Краузе бросал быстрые изучающие взгляды то ка меня, то на Елену. Он воспользовался разговором и предложил встретиться еще раз – за небольшим ленчем в каком-нибудь маленьком ресторанчике на берегу озера. Ведь так редко встречаешь человека, понимающего живопись.

Я охотно согласился – это удастся сделать, когда я вновь приеду в Швейцарию, через месяц-полтора. Он очень удивился, так как считал, что я живу в Женеве. Я объяснил ему, что хотя я женевец, но живу в Бельфорте.

Бельфорт находится во Франции, и ему нелегко было проверить мои слова. Прощаясь, он не удержался и задал последний вопрос из этого своеобразного допроса: где познакомились я и Елена, ведь симпатичные люди так редко встречаются.

Елена взглянула на меня.

– У врача, господин Краузе.

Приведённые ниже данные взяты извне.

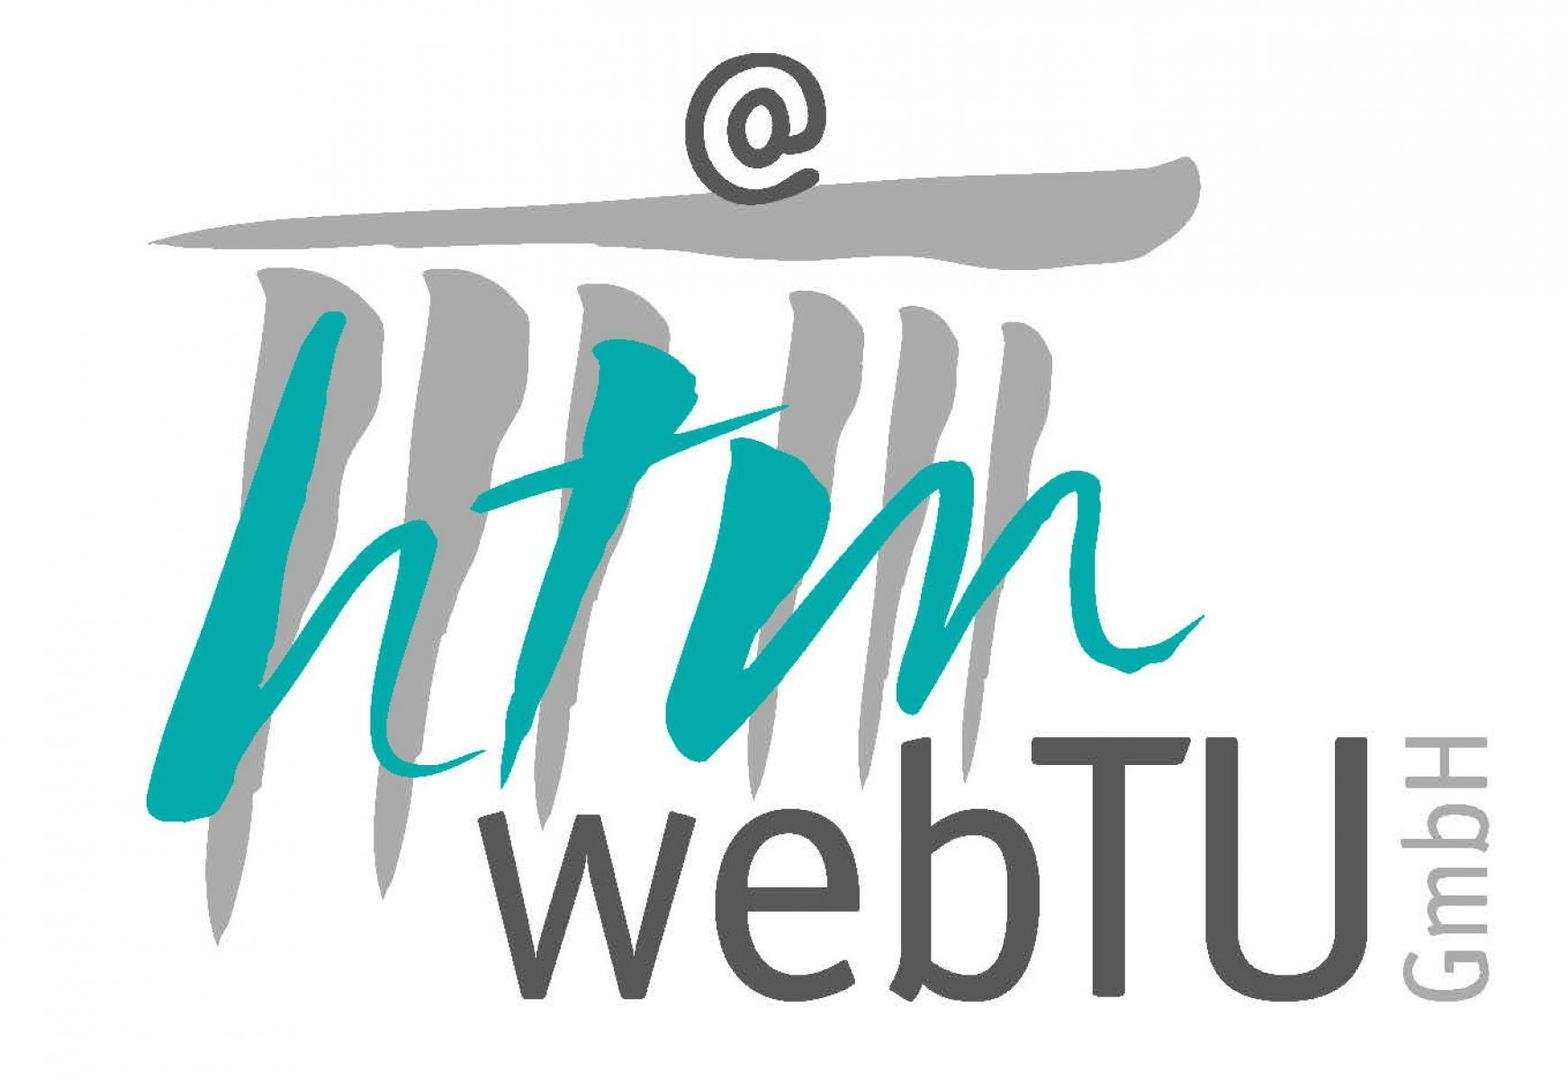 HTM webTU GmbH Logo

Больные часто бывают гораздо симпатичнее, чем… – Она зло усмехнулась. – Чванливые здоровяки, у которых даже в мозгу вместо нервов растут мускулы.

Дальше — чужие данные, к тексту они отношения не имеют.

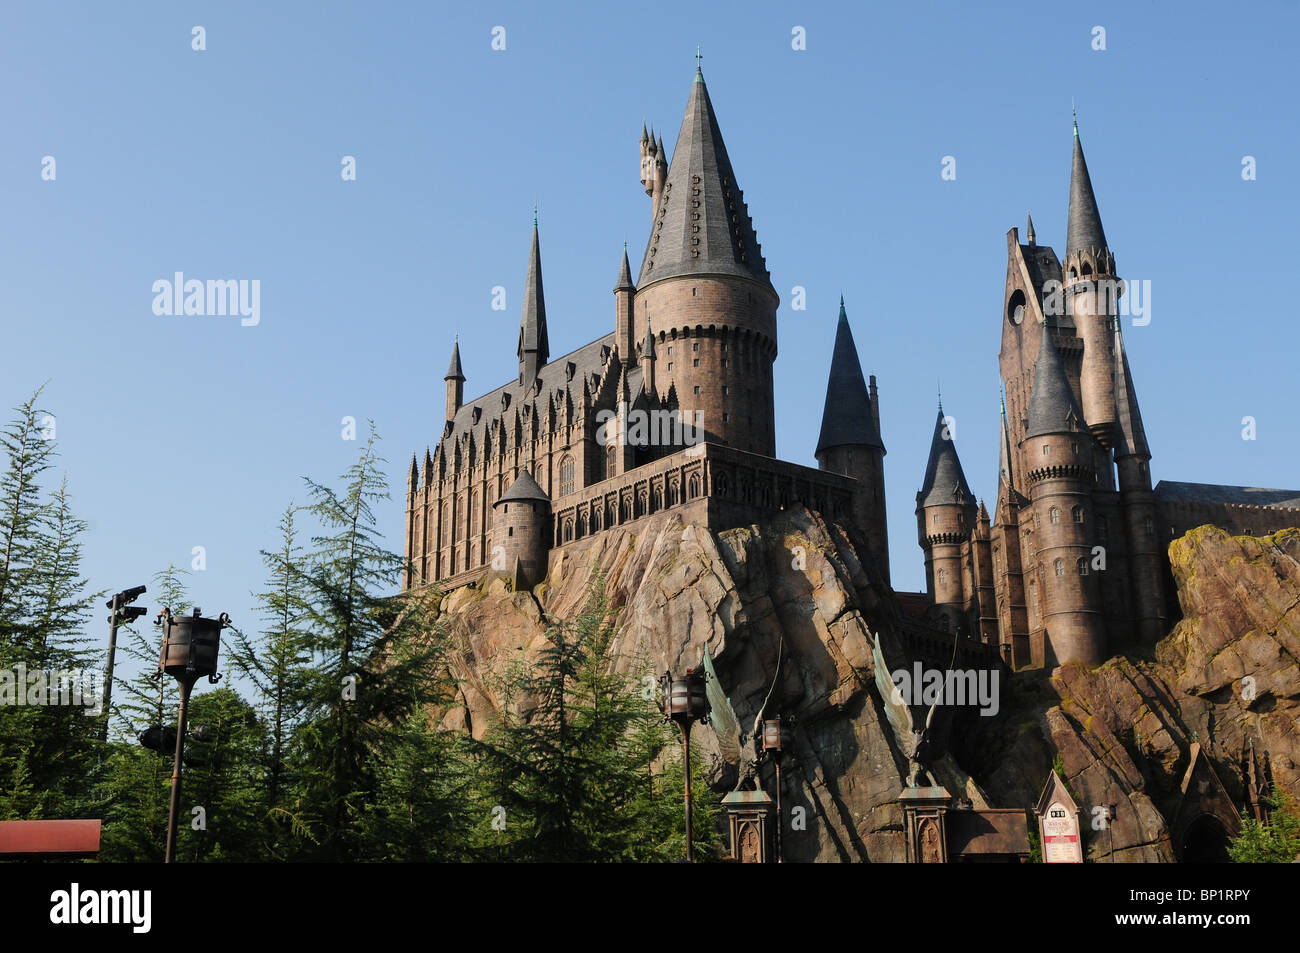 Le Château de Poudlard, dans le monde magique de Harry Potter, de Islands of Adventure, Universal Orlando Resort, Orlando, Floride, USA Banque D'Images

Краузе ответил на эту шпильку улыбкой авгура.

– Я понимаю вас, сударыня.

– Разве у вас в Германии не развенчали еще Ренуара? – спросил я его, чтобы не отстать от Елены. – Ван Гога-то уж наверное?

– О, только не в глазах знатоков! – возразил Краузе, бросив еще один взгляд авгура, и направился к выходу.

– Зачем он приходил? – спросил я Елену.

– Шпионить. Я хотела предупредить тебя, чтобы ты не приходил, но не успела, ты уже вошел. Его прислал мой братец. Как я все это ненавижу!

Зловещая рука гестапо протянулась через границу и напомнила нам, что мы еще не ускользнули из-под ее власти. Краузе сказал Елене, чтобы она как-нибудь зашла в консульство. Ничего особенного – просто надо поставить в паспорте еще один штамп, что-то вроде разрешения на выезд. Это забыли сделать раньше.

– Он сказал, что есть какое-то новое распоряжение, – добавила Елена.

– Он лжет, – сказал я. – Иначе бы я знал. Эмигранты сразу узнают об этом. Если же ты пойдешь, то может случиться, что у тебя отберут паспорт.

– И я тогда стану такой же эмигранткой, как ты?

– Да. Если не вернешься в Германию.

– Я остаюсь, – сказала она. – Я не пойду в консульство и не вернусь обратно.

Мы ни разу еще не говорили об этом. Теперь я понял, что решение принято. Я ничего не ответил, только посмотрел на Елену; позади нее я увидел небо, деревья сада, узкую сверкающую полосу озера. Ее лицо, освещенное сзади, оставалось в тени.

– Не думай, пожалуйста, что ответственность за этот шаг лежит на тебе,

– нетерпеливо сказала она. – Ты вовсе не уговаривал меня пойти на это, и дело не в тебе. Даже если бы тебя не было здесь, я все равно ни за что бы не вернулась. Этого достаточно?

– Да, – сказал я, ошеломленный и слегка пристыженный. – Но я вовсе не думал об этом.